Freue mich auf Antworten


----------



## Arosk (30. Mai 2012)

Das Spiel ist erst released worden. Da sind die Preise einfach so hoch. Lass es noch 4 Wochen warten, dann gibts das Zeugs für viel weniger.


----------



## Theopa (30. Mai 2012)

Das Problem bei Setteilen und Legendarys ist im Moment folgendes:
Sie können im Prinzip einfach nur schlecht sein. Ich habe bisher eine legendäre 60er Waffe gefunden, die aber einfach nur unglaublich schlechte DPS geboten hat.

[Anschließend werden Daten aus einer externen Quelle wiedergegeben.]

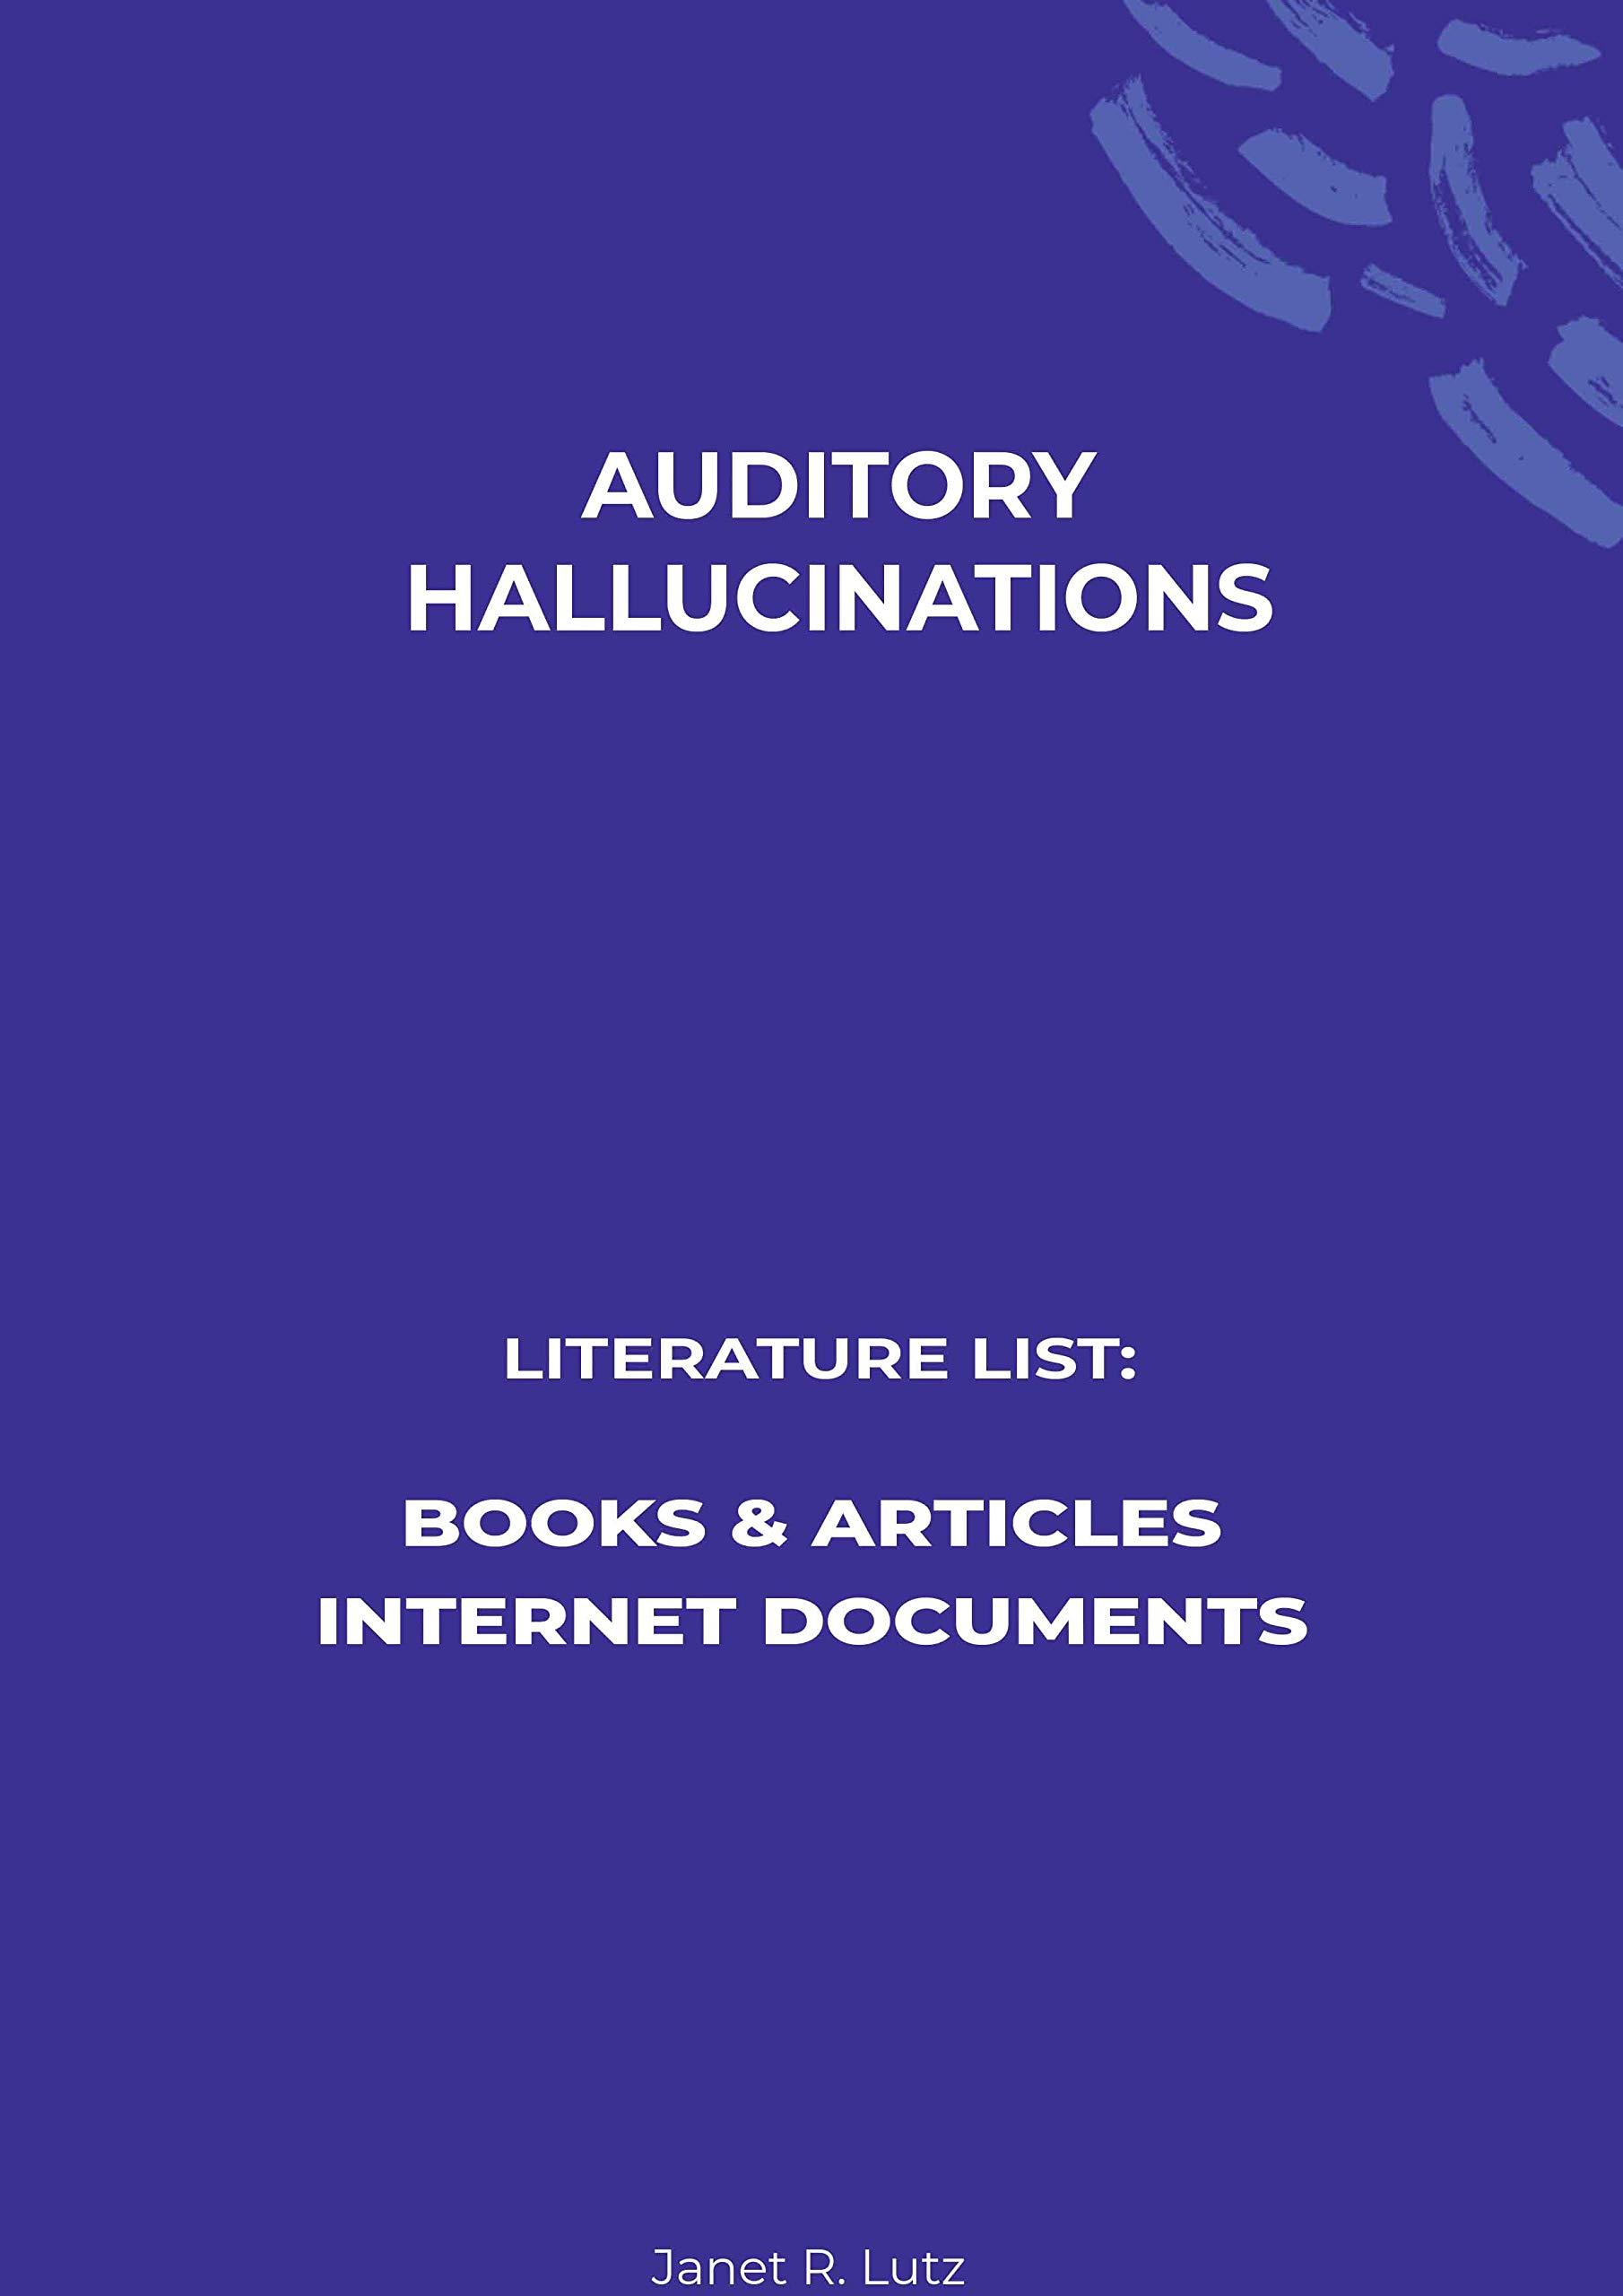 Auditory Hallucinations - Literature list: Books & Articles, Internet Documents

Ein blaues Teil für 100k war da plötzlich besser... 
Dennoch kann man sie gut verkaufen, viele denken spontan einfach "Legendary > Gelb > Blau". Das muss jedoch nicht so sein und ist es auch oft nicht.

Ich bin momentan noch nicht lange auf Inferno. Bei mir läuft es im Moment einfach folgendermaßen: Ich farme mich durch Akt 1, hoffe auf gutes blaues/gelbes Zeug (naja, hoffen darf man ja, bisher kein Erfolg^^) und kaufe mir dann vom erfarmten Gold Items im Bereich bis 100k, bei der demnächst anstehenden Waffe (550 Dps Einhand sucks -.-) werde ich auch bis 300 oder 400k hochgehen. Durch die langsame Verbesserung kann man auch irgendwann Elitepacks lockerer angehen und auch bei extrem harten Combos mit 1-2 Toden zum Erfolg kommen.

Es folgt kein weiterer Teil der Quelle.